Obesity: Alterations in lipid composition, including changes in fatty acid profiles and phospholipid levels, can impact energy storage, adipose tissue function, and lipid metabolism. Dysregulation of lipid droplet dynamics, characterized by changes in size, number, and distribution of lipid droplets, can contribute to the development of obesity by affecting lipid storage and utilization in adipocytes.
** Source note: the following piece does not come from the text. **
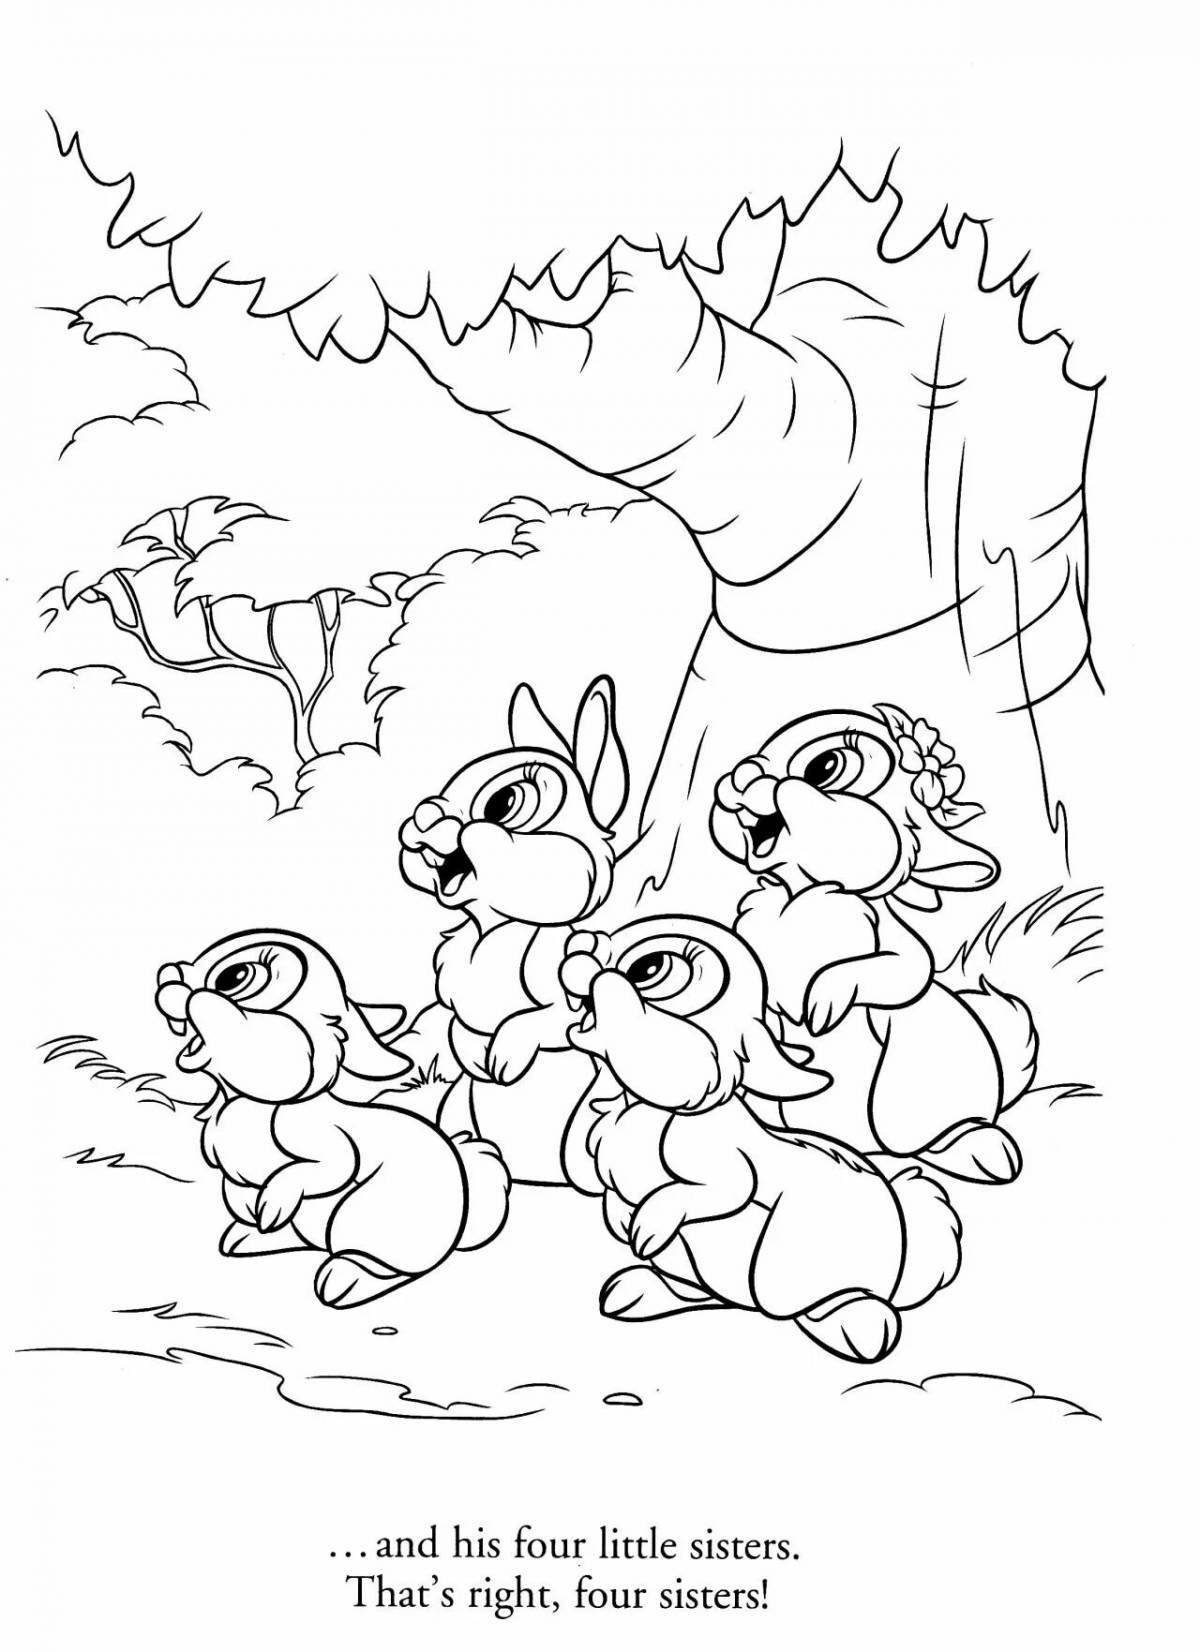 Playful bambi hare coloring page

Diabetes: Changes in lipid composition and metabolism can influence insulin sensitivity, glucose homeostasis, and lipid accumulation in tissues. Dysfunctional lipid droplet dynamics may lead to ectopic lipid deposition, insulin resistance, and impaired glucose metabolism, contributing to the pathogenesis of type 2 diabetes.

Cardiovascular Diseases: Altered lipid profiles and lipid droplet dynamics can impact cardiovascular health by affecting lipid transport, cholesterol metabolism, and atherosclerosis development. Changes in phospholipid composition, particularly phosphatidylcholine levels, may influence vascular function, inflammation, and plaque formation in blood vessels.
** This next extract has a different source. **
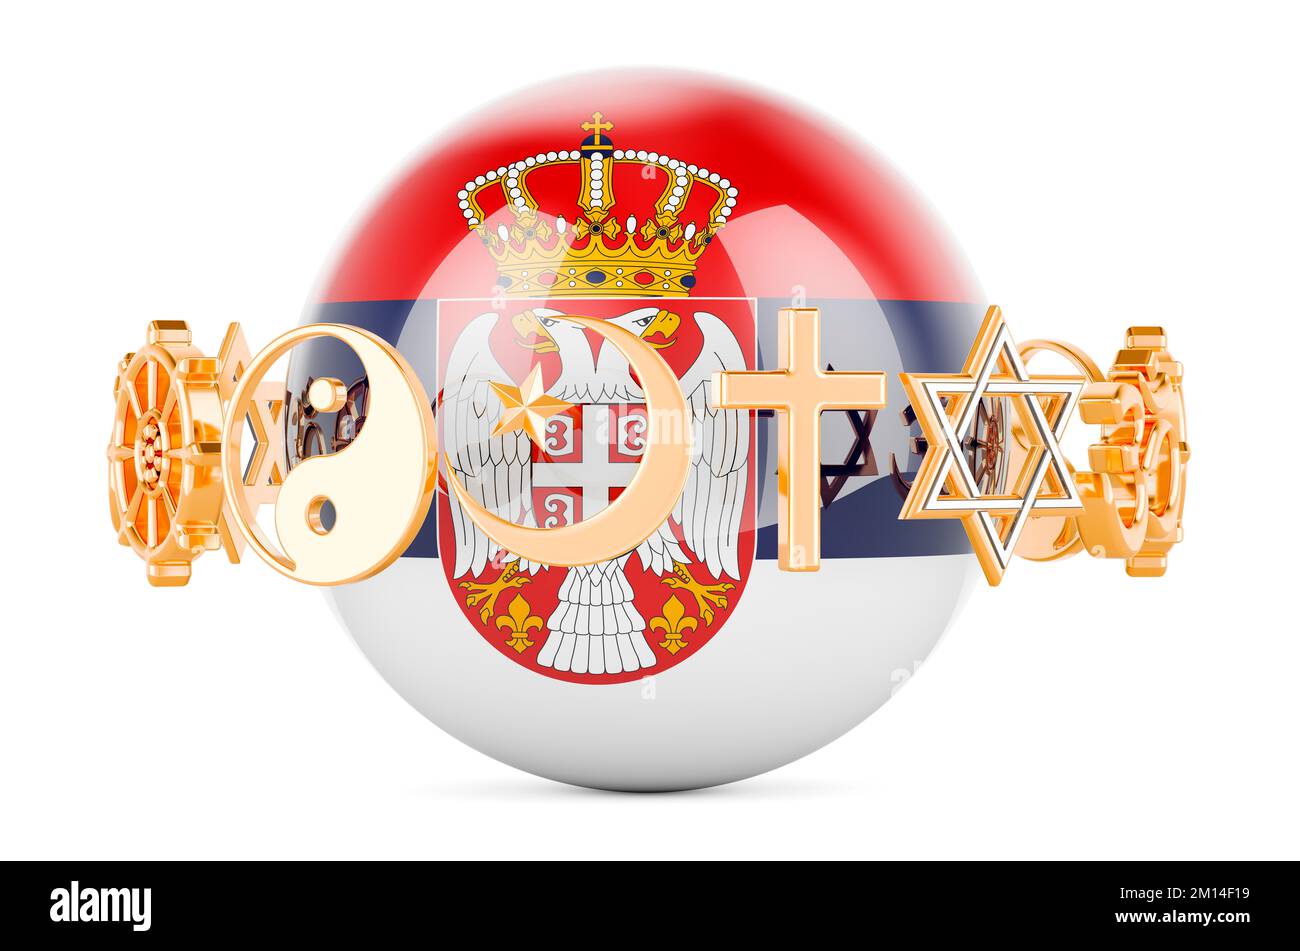 Serbian flag painted on sphere with religions symbols around, 3D rendering isolated on white background Stock Photo

By studying the molecular mechanisms underlying diet-induced changes in lipid metabolism and lipid droplet dynamics in C. elegans, researchers can gain insights into the pathophysiology of metabolic disorders in higher organisms. These findings may inform the development of novel therapeutic strategies and dietary interventions for managing and preventing metabolic diseases in humans.

Given the central role of phosphatidylcholine in mediating the dietary effects on lipid metabolism, are there other nutrients or dietary components that could modulate PC synthesis pathways to similarly impact lipid homeostasis?

While phosphatidylcholine (PC) plays a central role in mediating the dietary effects on lipid metabolism, there are other nutrients and dietary components that can modulate PC synthesis pathways and impact lipid homeostasis in a similar manner. Some of these nutrients and components include:

Choline: Choline is a precursor for PC synthesis and is essential for maintaining adequate levels of PC in cells. Dietary choline intake can influence PC synthesis pathways and impact lipid metabolism by regulating the availability of phosphocholine for PC biosynthesis.

Methionine: Methionine is involved in the one-carbon metabolism pathway, which contributes to the synthesis of S-adenosyl methionine (SAM), a key methyl donor for PC synthesis. Dietary methionine levels can affect the SAM-PC axis and modulate lipid metabolism through the regulation of PC levels.

Vitamin B6: Vitamin B6 is a cofactor for enzymes involved in amino acid metabolism and transsulfuration pathways, which are interconnected with PC synthesis pathways. Adequate levels of vitamin B6 are essential for maintaining optimal PC synthesis and lipid homeostasis.

Omega-3 Fatty Acids: Omega-3 fatty acids, such as EPA and DHA, have been shown to influence PC synthesis and lipid metabolism. These fatty acids can impact the composition of membrane phospholipids, including PC, and modulate lipid droplet dynamics and lipid storage in cells.

By considering the interplay between these nutrients and dietary components with PC synthesis pathways, researchers can uncover additional mechanisms by which diet influences lipid metabolism and homeostasis. Understanding the role of these factors in modulating lipid pathways can provide insights into novel dietary interventions and therapeutic strategies for managing lipid-related disorders.